**INFORMATION SUPPLIED:**

►

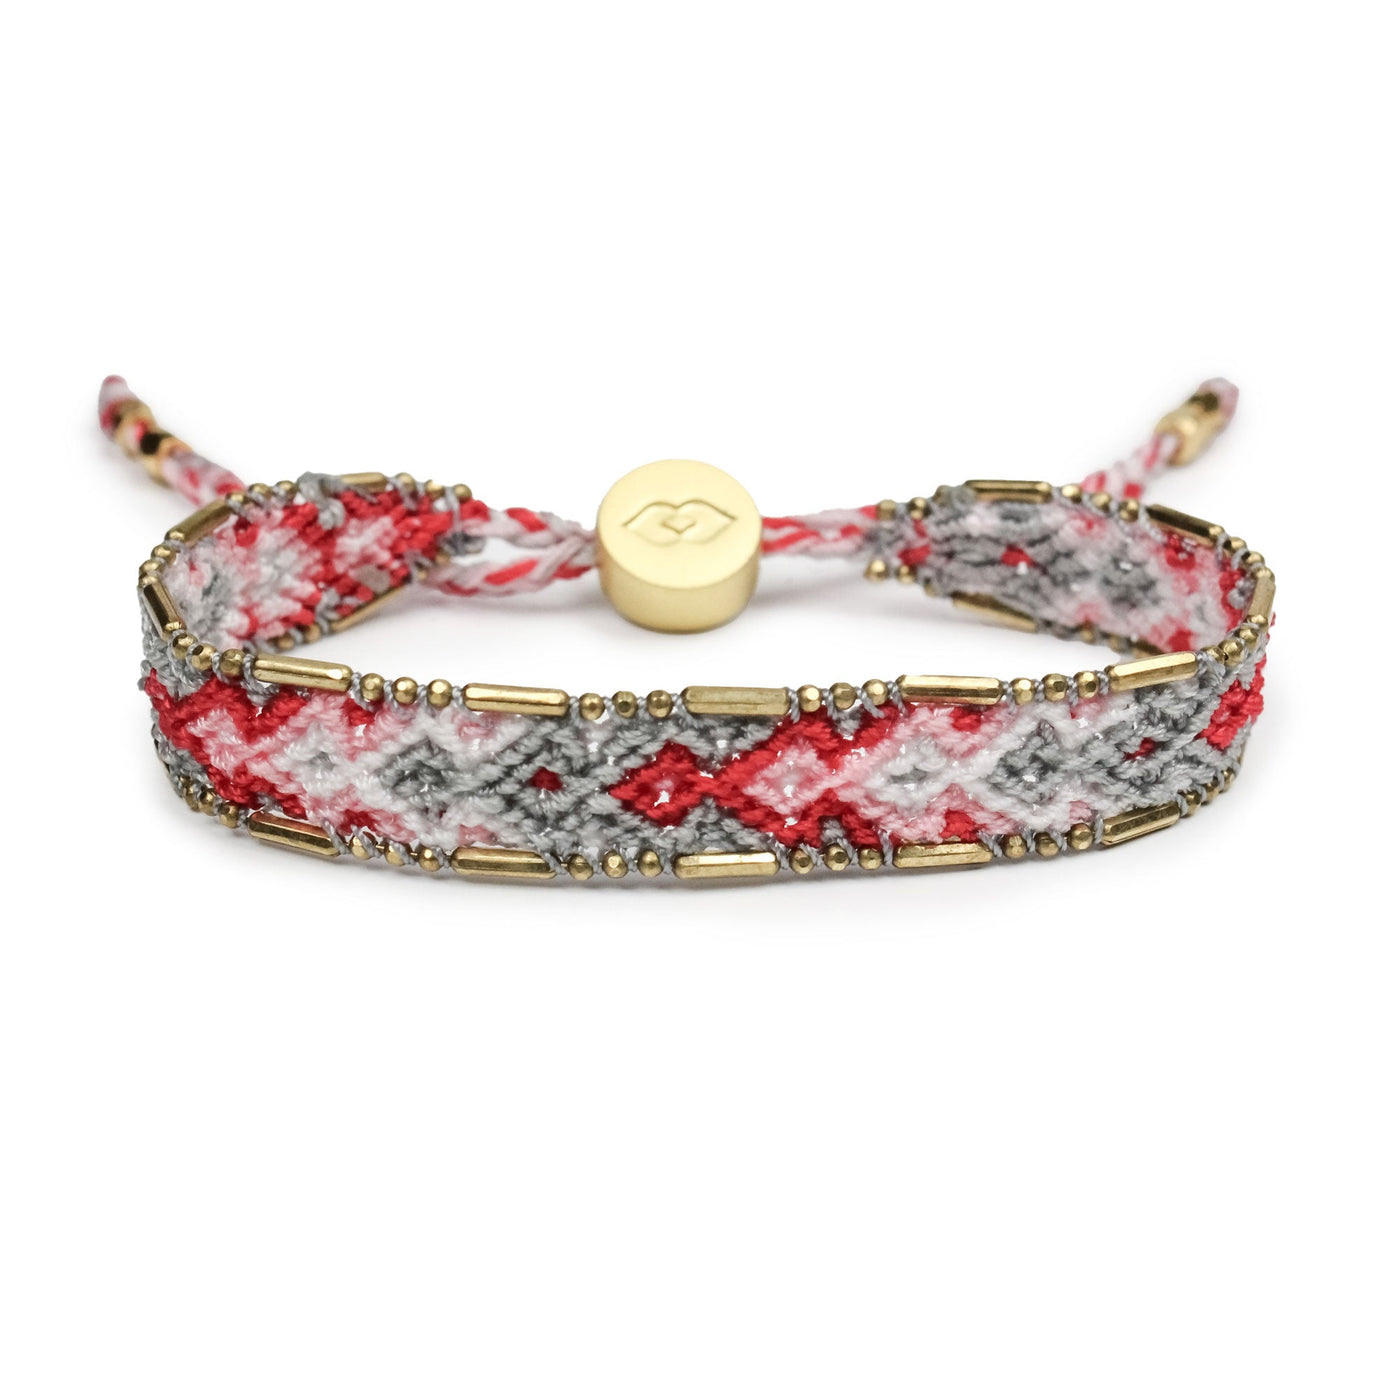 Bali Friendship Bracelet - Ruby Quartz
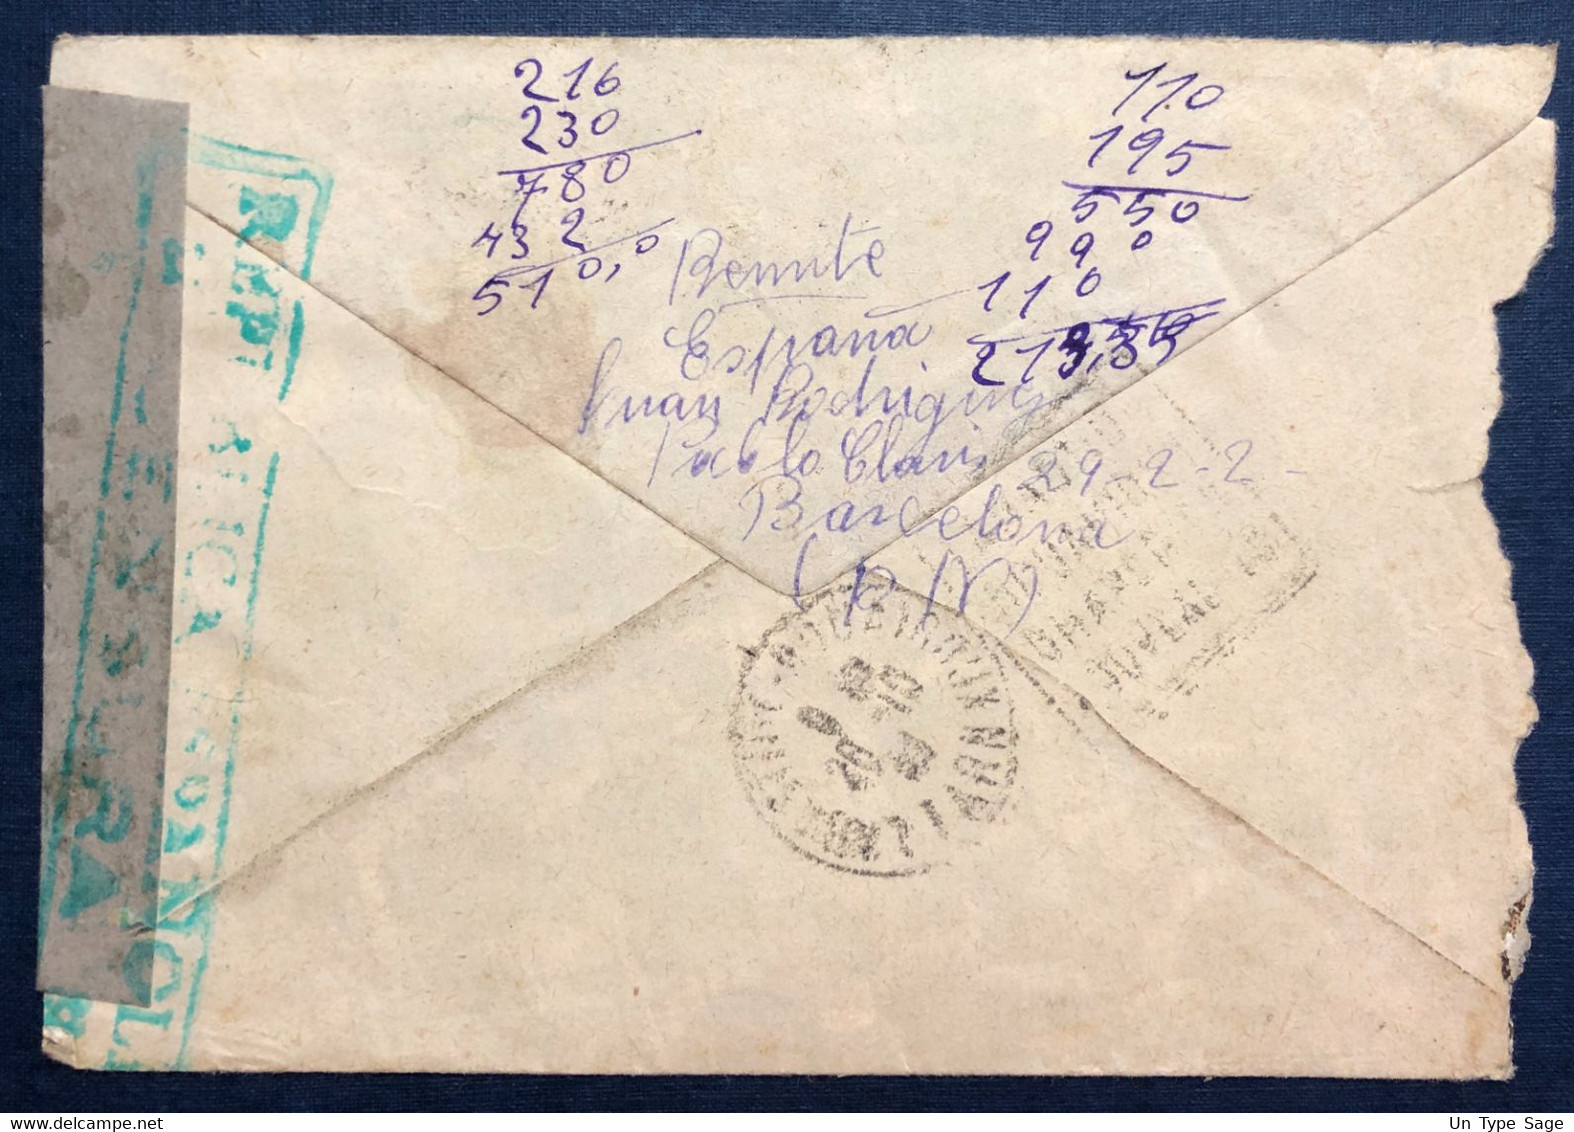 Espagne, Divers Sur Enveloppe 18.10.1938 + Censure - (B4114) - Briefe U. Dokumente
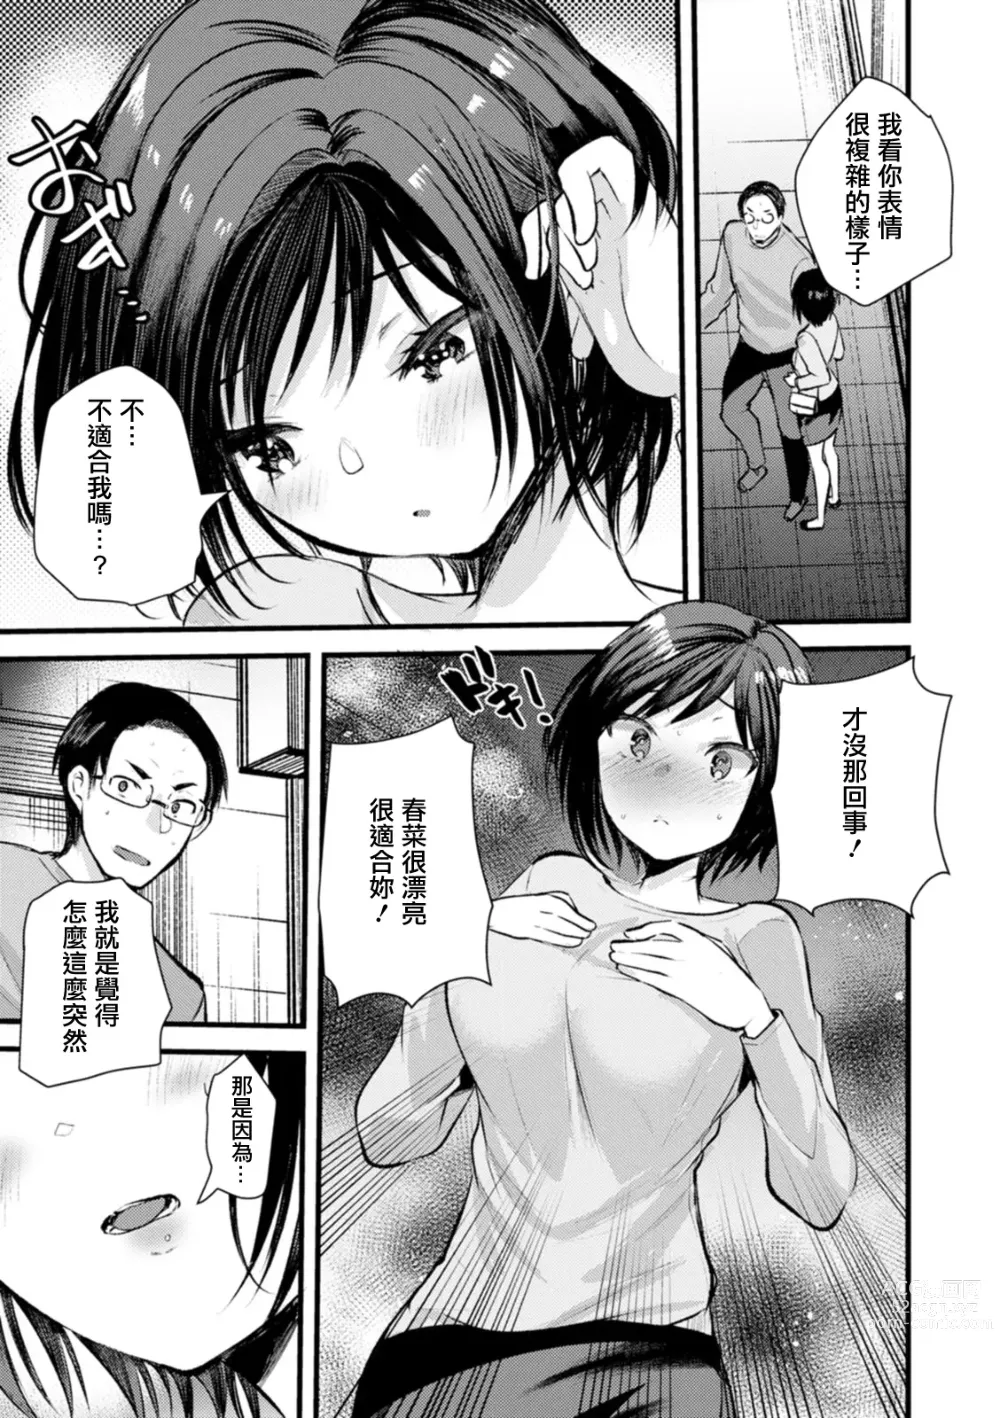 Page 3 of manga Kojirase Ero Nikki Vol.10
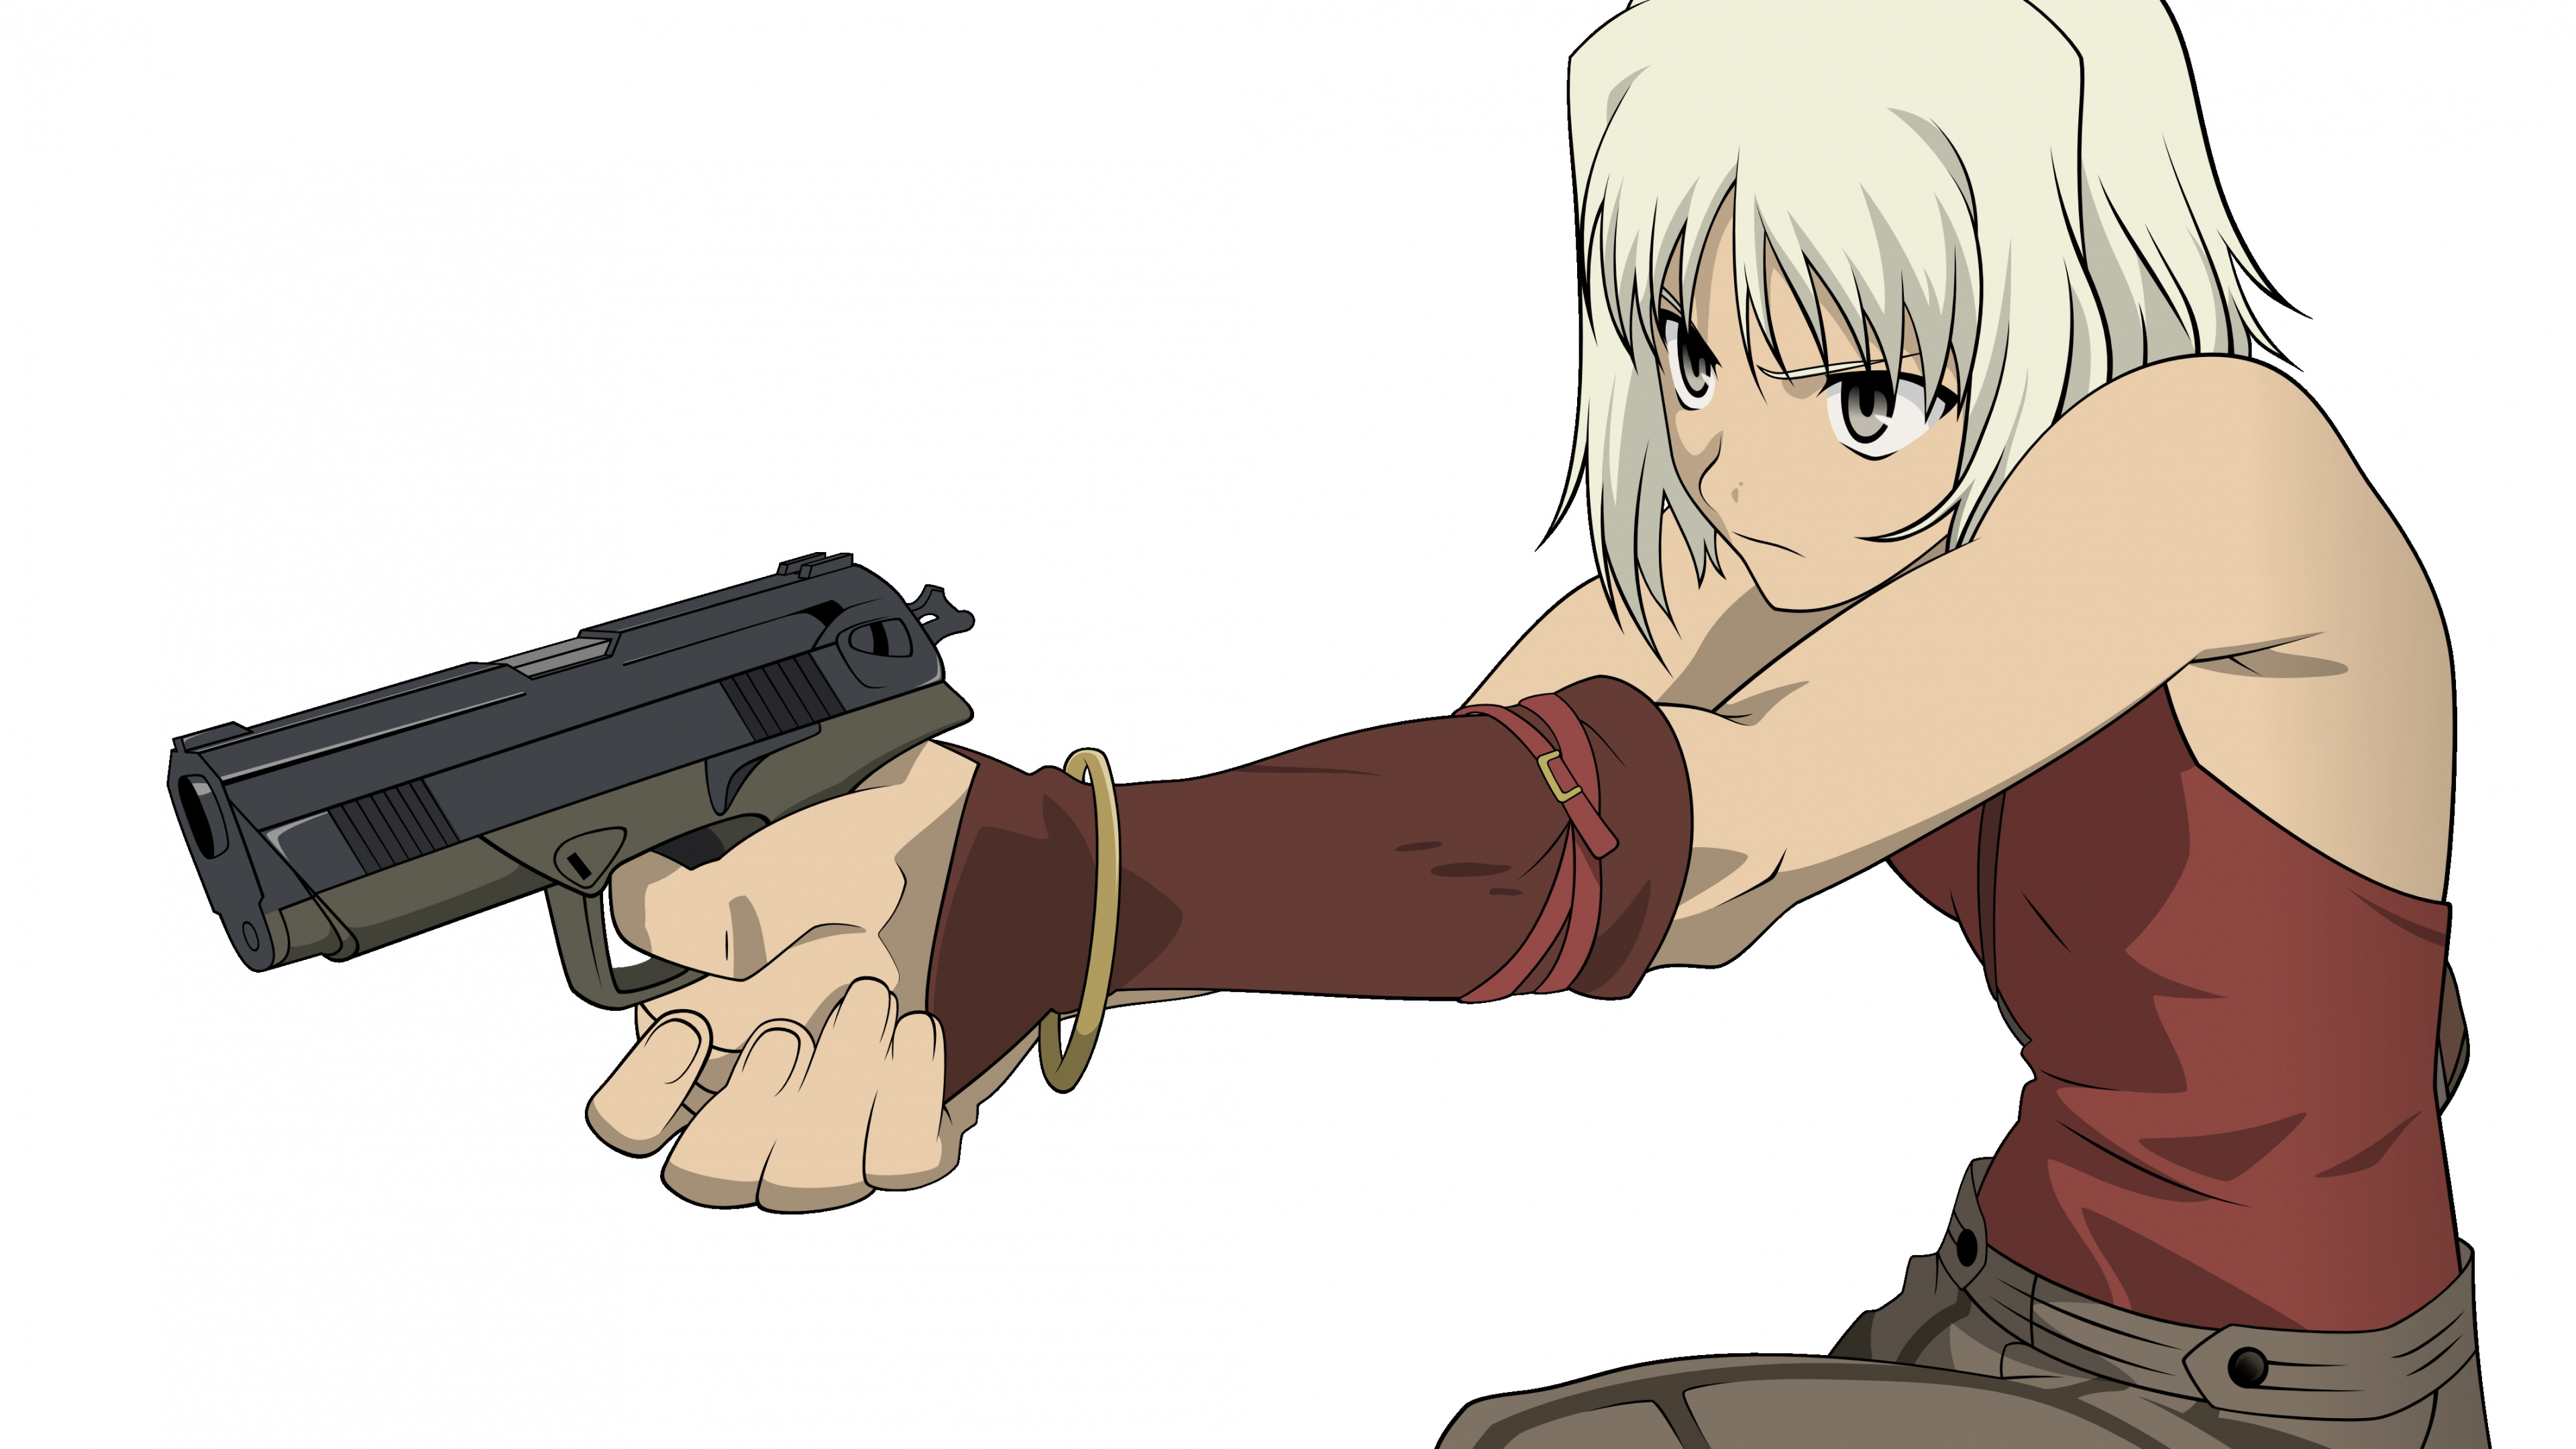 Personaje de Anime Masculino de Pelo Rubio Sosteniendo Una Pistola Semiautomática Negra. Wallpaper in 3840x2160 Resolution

◄

**EXERCISE DIRECTIONS:**
In copying the material, drop all pictures and keep everything else identical.

**TASK RESPONSE:**
 Bali Friendship Bracelet - Ruby Quartz
 Espagne, Divers Sur Enveloppe 18.10.1938 + Censure - (B4114) - Briefe U. Dokumente
 Page 3 of manga Kojirase Ero Nikki Vol.10
 Personaje de Anime Masculino de Pelo Rubio Sosteniendo Una Pistola Semiautomática Negra. Wallpaper in 3840x2160 Resolution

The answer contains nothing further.